# rizs - rizsa



## esterov

Hello everyone,
I need to translate into Hungarian product description "biscuit with rice and milk". 
I think it would be "RIZSÁVAL ÉS TEJJEL KÉSZÜLT KEKSZ", is that correct? I'm not sure of suffix concordances.
Thank's in adavance
Francesca


----------



## jazyk

I don't see a grammar problem there, but maybe _rizses és tejes keksz_ would be better. Wait for more knowledgeable people to turn up.


----------



## Olivier0

Yes, _rizses-tejes_ or _rizzsel, tejjel, _but not _rizsával_ = with _rizsa, rizsázás_ which means useless/deceitful speech.


----------



## Zsanna

Olivier0 is right but I am fairly sure that there is an old (now obsolete) usage _rizsa_ in the meaning of _rice_. 
(The present day word is _rizs_ for _rice_.)


----------



## bibax

I have found many examples where rizsával means 'with rice' (rántott hús, rizsával vagy krumplival). Now I have also learned that rizsa means 'shit' nowadays. However it does not sound strange to me as in Czech we say "být v rejži", lit. 'to be in rice', which means something like "benne van a csávában (pácban)".

Is it possible that the original meaning of rizsa was simply 'rice'?


----------



## Zsanna

bibax said:


> Now I have also learned that rizsa means 'shit' nowadays.

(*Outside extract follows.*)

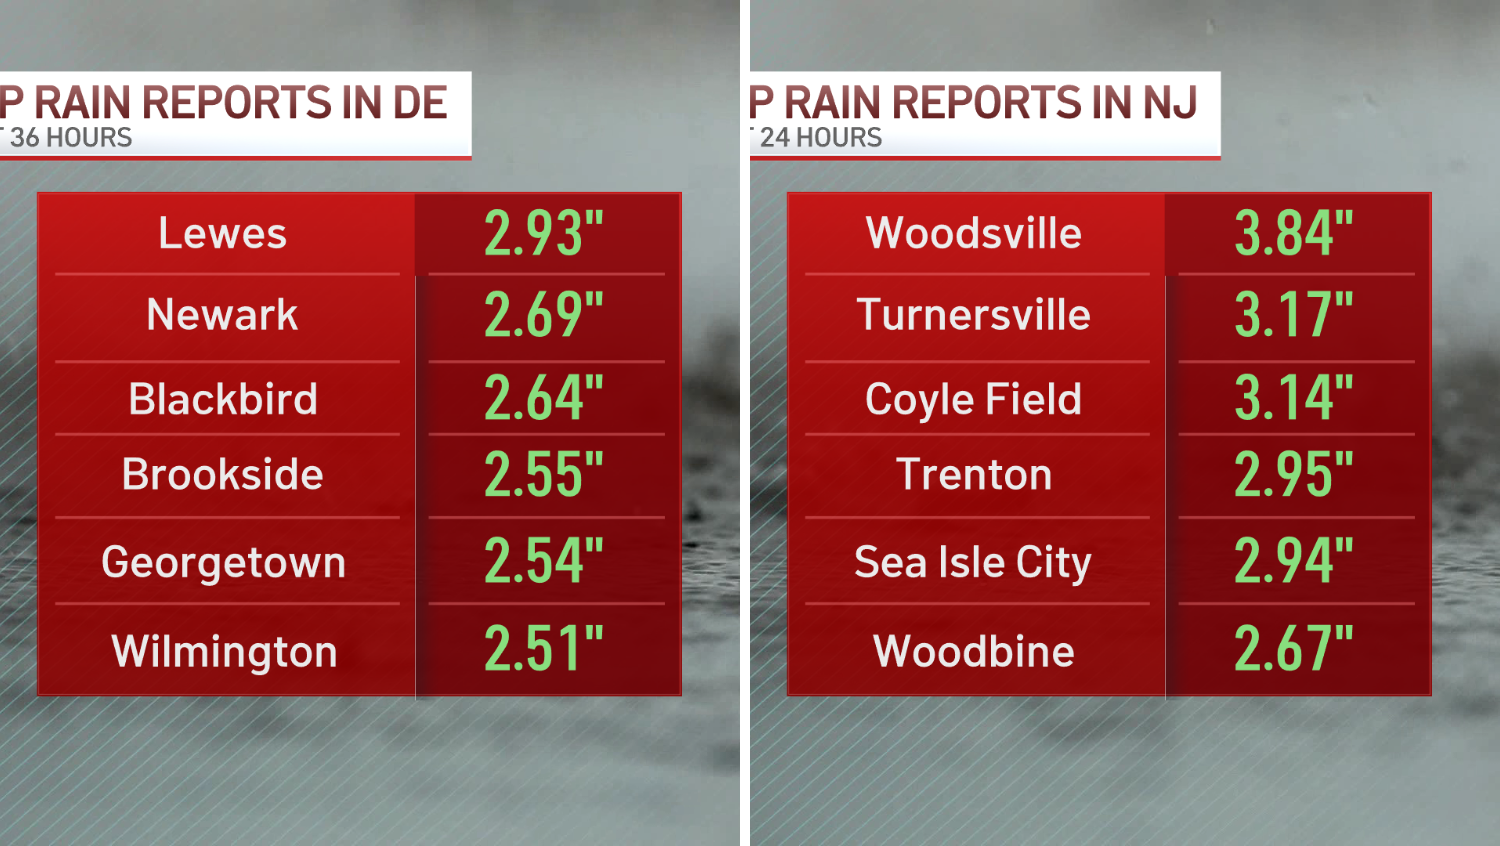 Graphics show rainfall totals in South Jersey and Delaware

As far as I know only in the sense of rubbish (especially talk and a lot of it, too, in order to mislead/sidetrack the listener) in colloquial speech.



bibax said:


> Is it possible that the original meaning of rizsa was simply 'rice'?


This is exactly what I was referring to (just above), although I cannot decide if it's simply old or in old _and_ folk speech.


----------



## francisgranada

bibax said:


> ... Is it possible that the original meaning of rizsa was simply 'rice'?



I think yes, and e.g. in Košice/Kassa I have heard both rizsa and rizs in the sense of rice.


----------



## Norfren

francisgranada said:


> I think yes, and e.g. in Košice/Kassa I have heard both rizsa and rizs in the sense of rice.


I second this, in East Hungary it can be heard quite often, too.


----------



## ragazzo323

What does Zsanna mean by "misleading talk"?


----------



## Zsanna

Well, it could be: double Dutch, meaningless swift talk, mumbo-jumbo, hot air, rigmarole... but with the aim of misleading someone, or turn his attention away from something (uncomfortable) for the speaker.

A simple example:
Mummy sees Johnny come in too late at night. Before she could start scolding him, he pretends to be happy to see her and starts off telling her about how he met their neighbour and how he was charmed by her roses in the front garden and wanting to know exactly how much compost she used on them, etc. etc.

All that speech could be called "rizsa" in Hungarian because (apart from being a lie probably) the main aim of it was just to ward off an unpleasant telling off. 
In a worse case, it could be making somebody do something he didn't want to do originally or for cheating him/her.


----------



## ragazzo323

Thank you very much Zsanna.


----------